Segment Start: Entries supplied
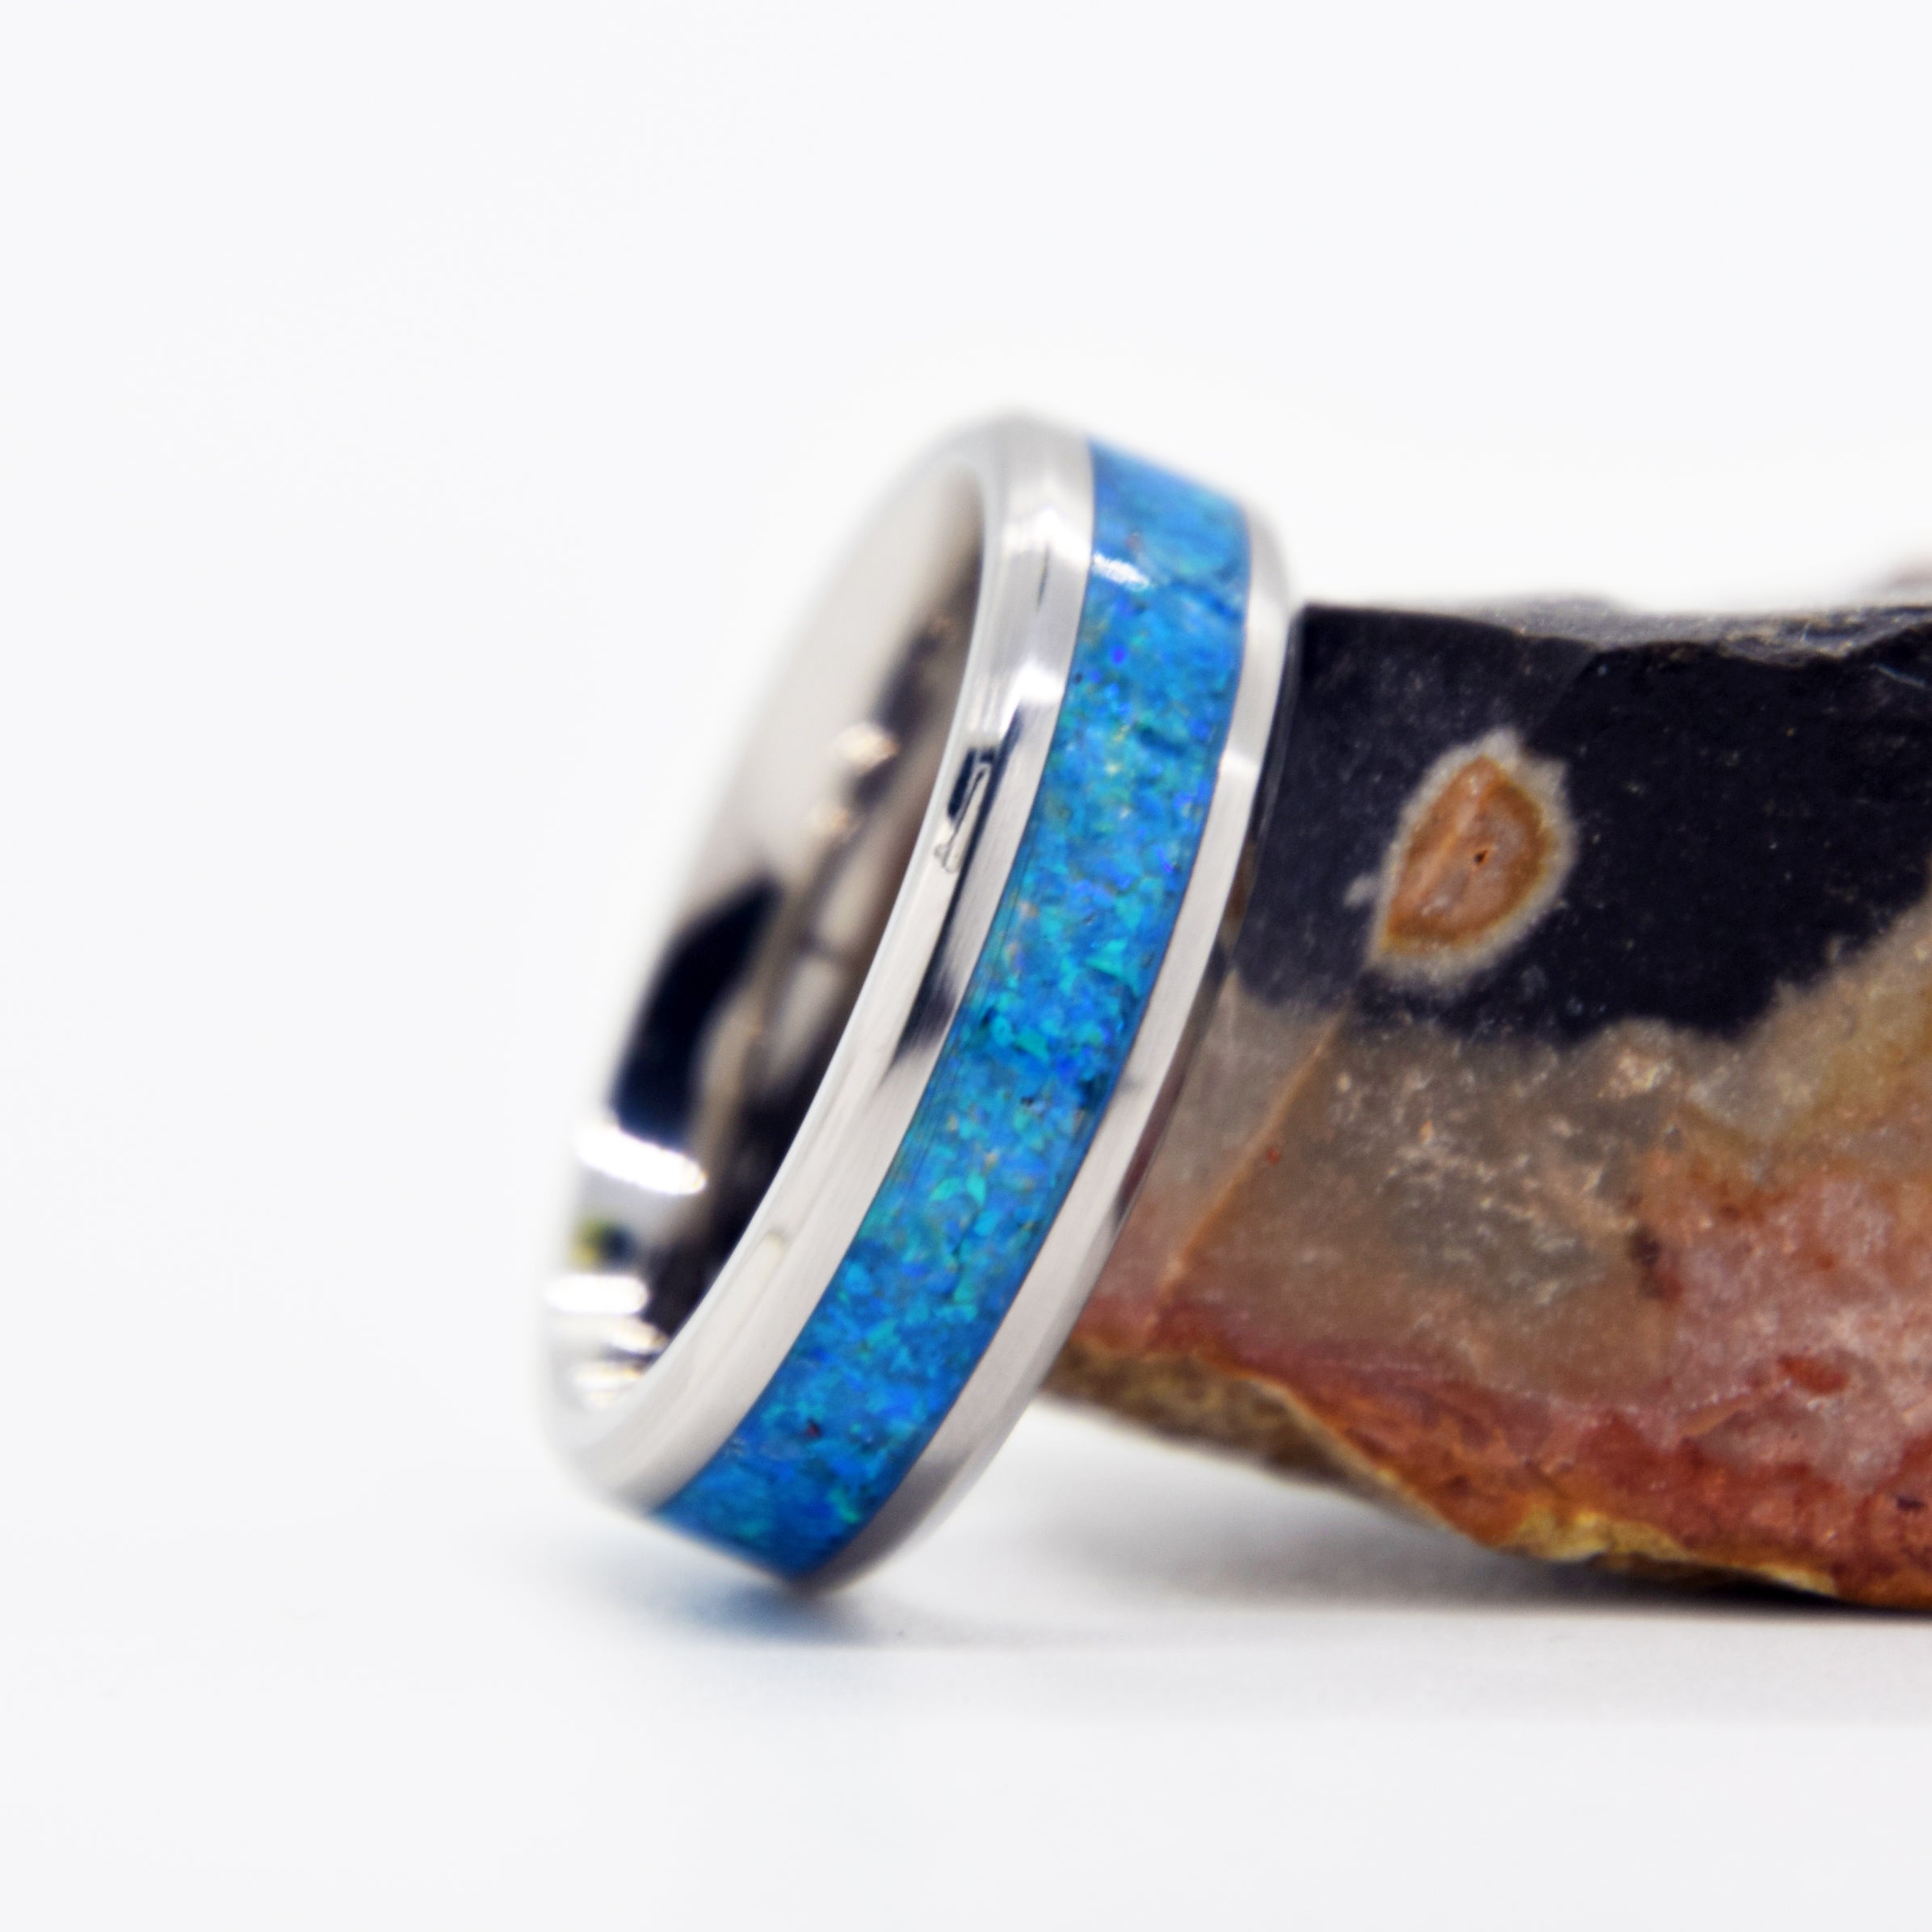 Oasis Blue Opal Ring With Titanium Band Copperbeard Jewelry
Segment End: Entries supplied
Segment Start: Entries supplied
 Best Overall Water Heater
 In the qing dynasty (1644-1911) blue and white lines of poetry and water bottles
Segment End: Entries supplied
Segment Start: Entries supplied
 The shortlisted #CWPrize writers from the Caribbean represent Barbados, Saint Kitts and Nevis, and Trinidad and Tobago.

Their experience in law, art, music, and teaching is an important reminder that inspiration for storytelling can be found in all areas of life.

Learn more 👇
Segment End: Entries supplied
Your instructions. Which lines above run from the one containing "Their experience in" down to the one containing "Learn more 👇"? Repeat exactly those, both ends included, and nothing else.

Written answer.
Their experience in law, art, music, and teaching is an important reminder that inspiration for storytelling can be found in all areas of life.

Learn more 👇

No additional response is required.